*TASK ITEM*: Set down again exactly the lines of the listing below that fall between the line holding "Formula for light reflectance value" and the line holding "Lamborghini aventador side", inclusive.

*GIVEN RECORDS*:
===============

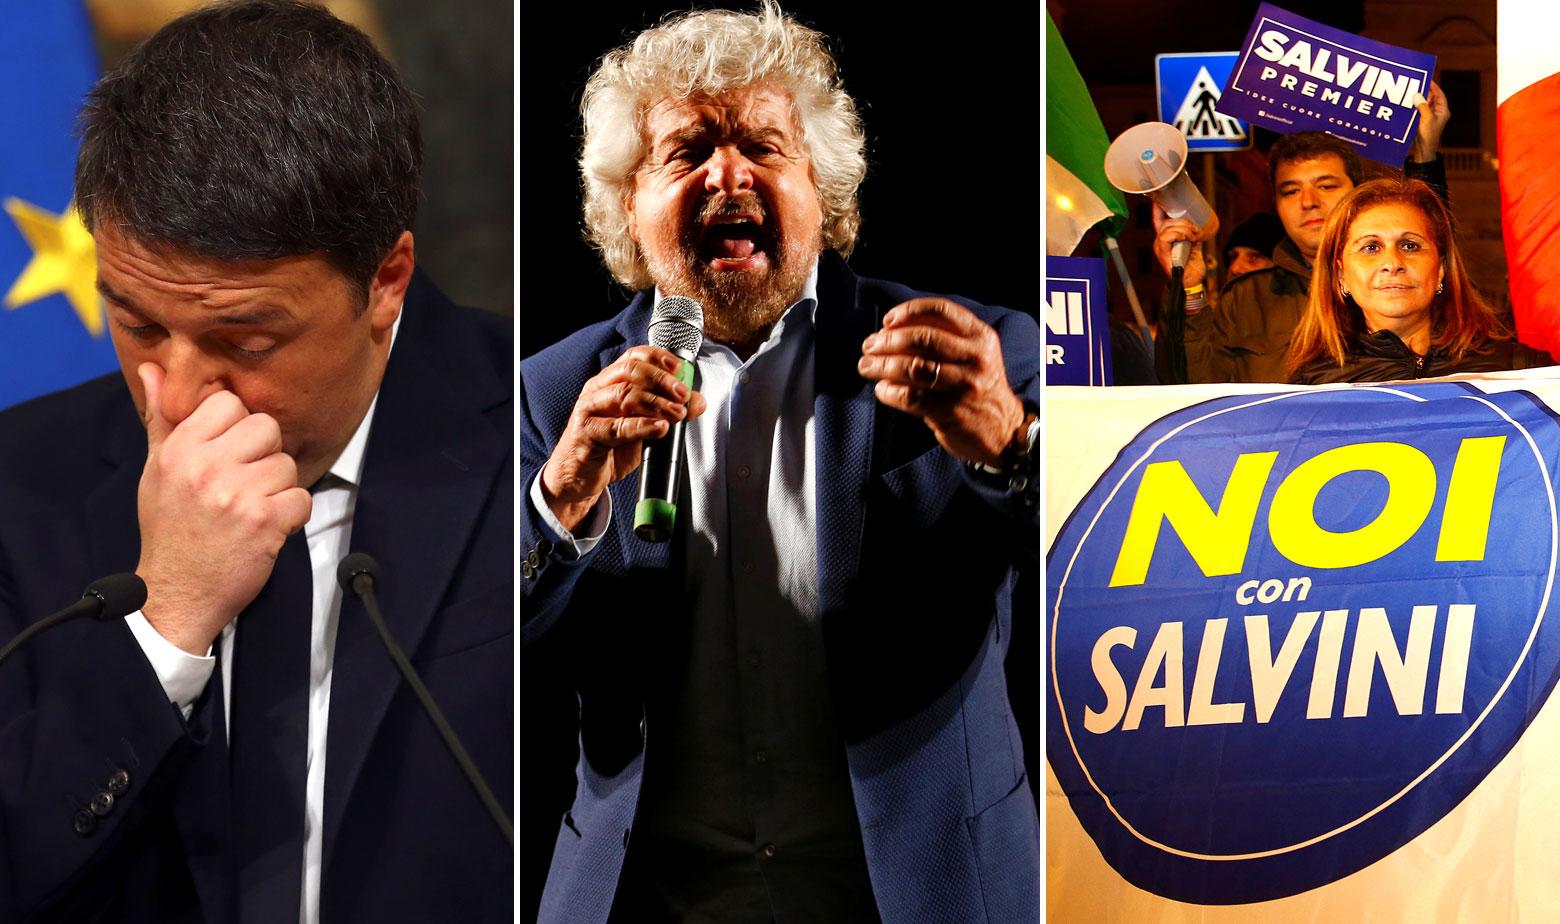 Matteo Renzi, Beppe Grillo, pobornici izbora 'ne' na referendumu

===============

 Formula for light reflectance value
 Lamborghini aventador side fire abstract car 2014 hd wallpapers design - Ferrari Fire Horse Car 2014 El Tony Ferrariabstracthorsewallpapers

===============

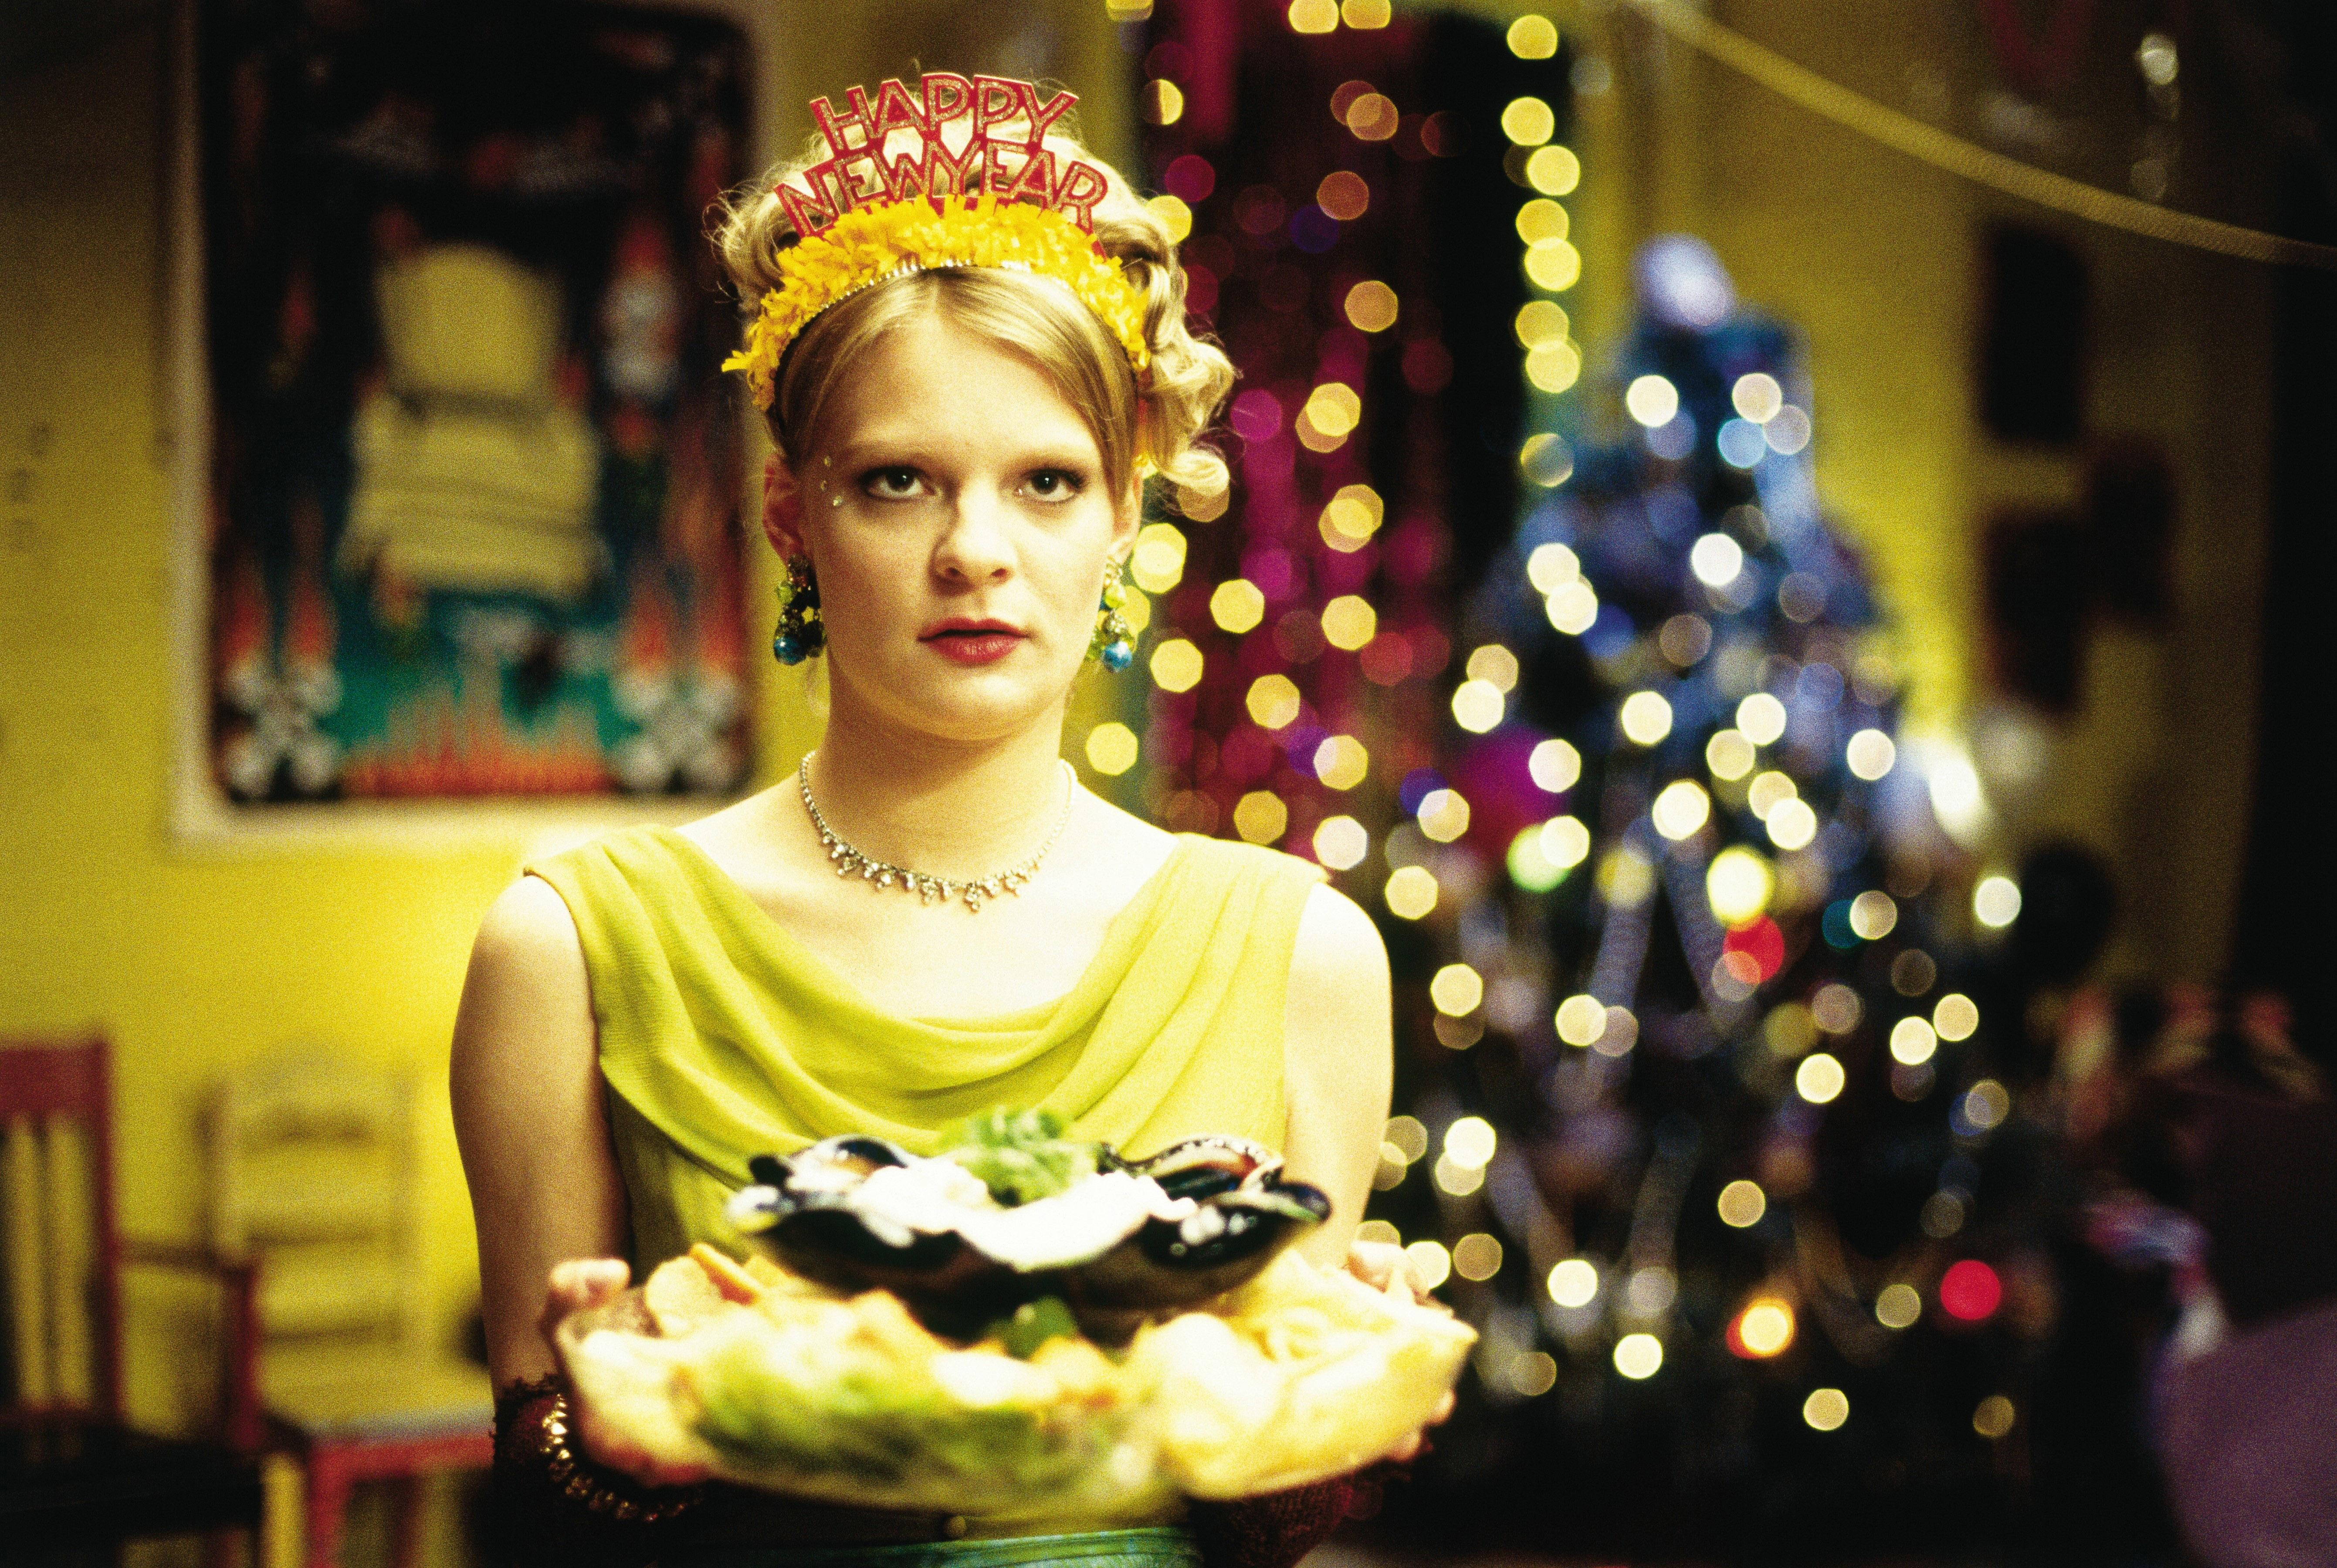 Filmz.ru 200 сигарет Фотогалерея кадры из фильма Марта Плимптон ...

===============

*RESPONSE TO THIS EXERCISE*:
 Formula for light reflectance value
 Lamborghini aventador side fire abstract car 2014 hd wallpapers design - Ferrari Fire Horse Car 2014 El Tony Ferrariabstracthorsewallpapers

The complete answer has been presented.